How could a project finance loan be sustainability-linked?
Despite the hurdles above, it is possible, with a dash of contractual creativity, to introduce a sustainability linked programme to a project finance documentation suite.
Sponsors may wish to consider the following:
- KPIs
Instead of an operational status quo, the baseline for the KPIs can be derived from the extensive and detailed project construction plan – whether that is the due diligence, the environmental reporting, the construction contracts, supply contracts, contract counterparties or the adopted technology. Formulating KPIs based on the impact of a project on the local community or the environment could use these assessments as the starting point for improvement.
- Financial model
Arrangers will need to update their models and sensitivity analysis to ensure that a project can absorb the impact of any pricing adjustment and its impact on the ratios. A lenders’ base case will inevitably assume the negative adjustment for the debt tenor. Sponsors may therefore see a slight impact on debt sizing but on any project where gearing is not stretched to the maximum this may be an acceptable compromise.

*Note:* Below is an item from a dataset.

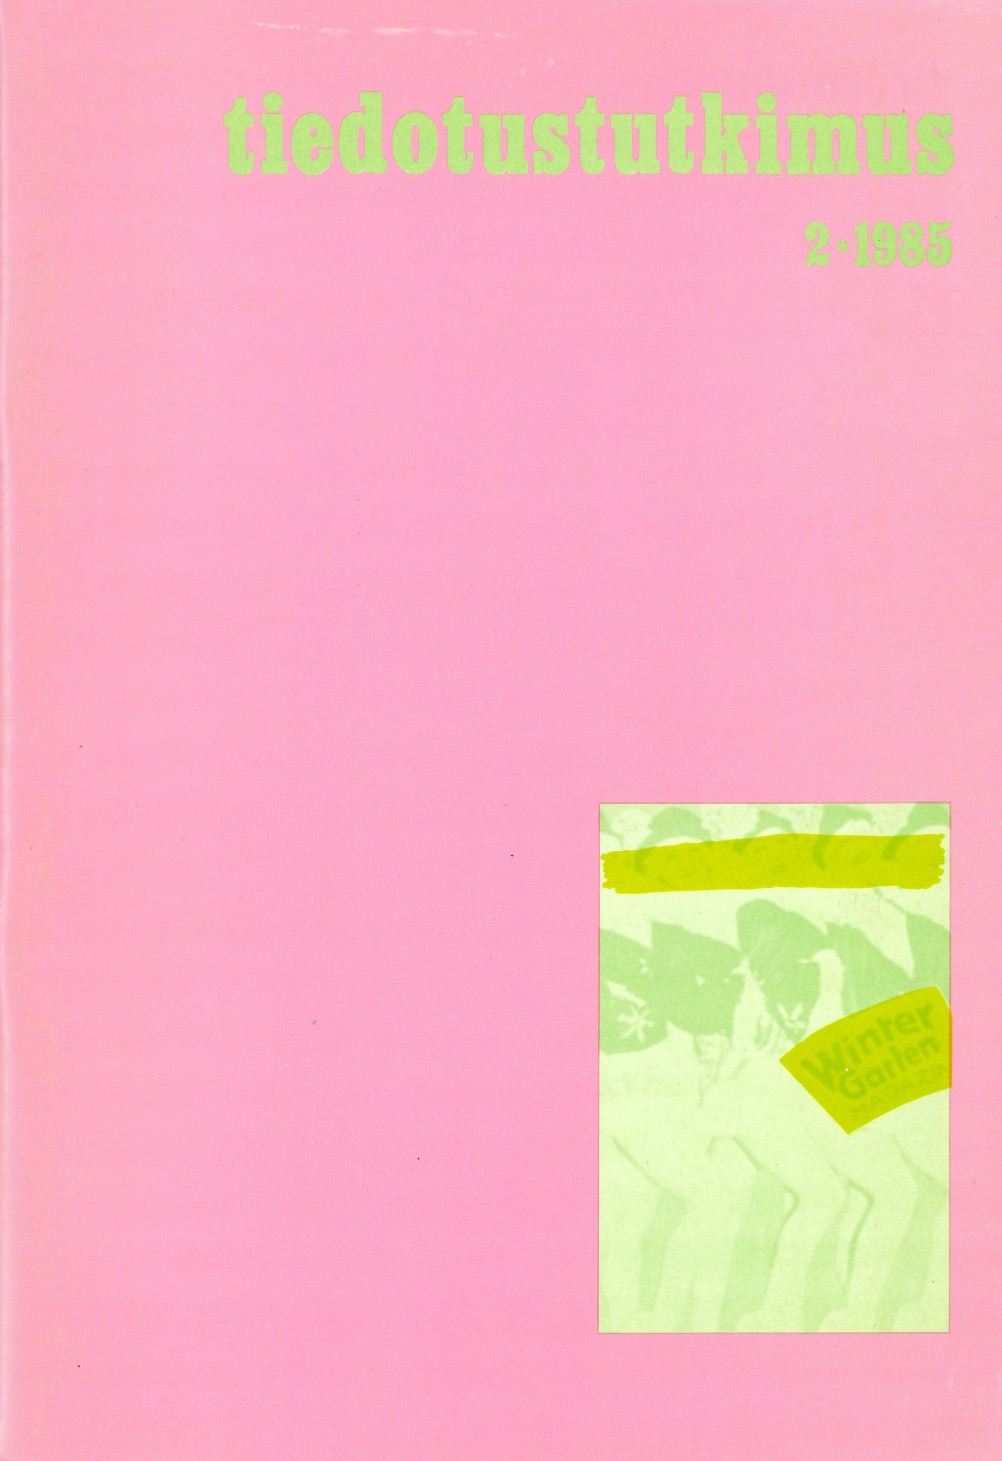 					Näytä Vol 8 Nro 2 (1985)

- Pre-negotiated flexibility
If the project company needs to enter into contracts or make adjustments to meet its KPIs then this flexibility can be built into the covenant package upfront. Even without carte blanche to re-work project documents, eligibility baskets, thresholds and objective criteria can be included to give some breathing space to a project’s operator.
- Delayed effectiveness
There is no reason that any pricing adjustment needs to take place until the operational phase of the project, even if it is based on achievements during the construction period. A bespoke financial adjustment that aligns to a project’s construction programme and anticipated revenue schedule may be more fitting for a project than an annual adjustment based on operational data.
- Alternative consequences
Finally, there is no reason that SLL/SLBs need to have a margin ratchet. There are many other mechanisms in a complex project finance network which could provide genuine consequence. This could be ratio adjustments, softening of distribution conditions, releases from blocked accounts, changes to mandatory prepayment thresholds and so on.
The complexity and tangibility of project finance could be its strength in this context, because it offers so many areas for adjustment and opportunity. Indeed, we have seen some SPV borrowers start to adopt SLL/SLB terms in certain narrow product areas where the KPIs could be set appropriately. It remains to be seen whether this trend will continue, particularly in the renewables space , where sponsors and lenders may consider their project already sufficiently green and sustainable. Whatever the take-up, we expect the SLL/SLB concepts will be liable to be applied creatively in more structured financings.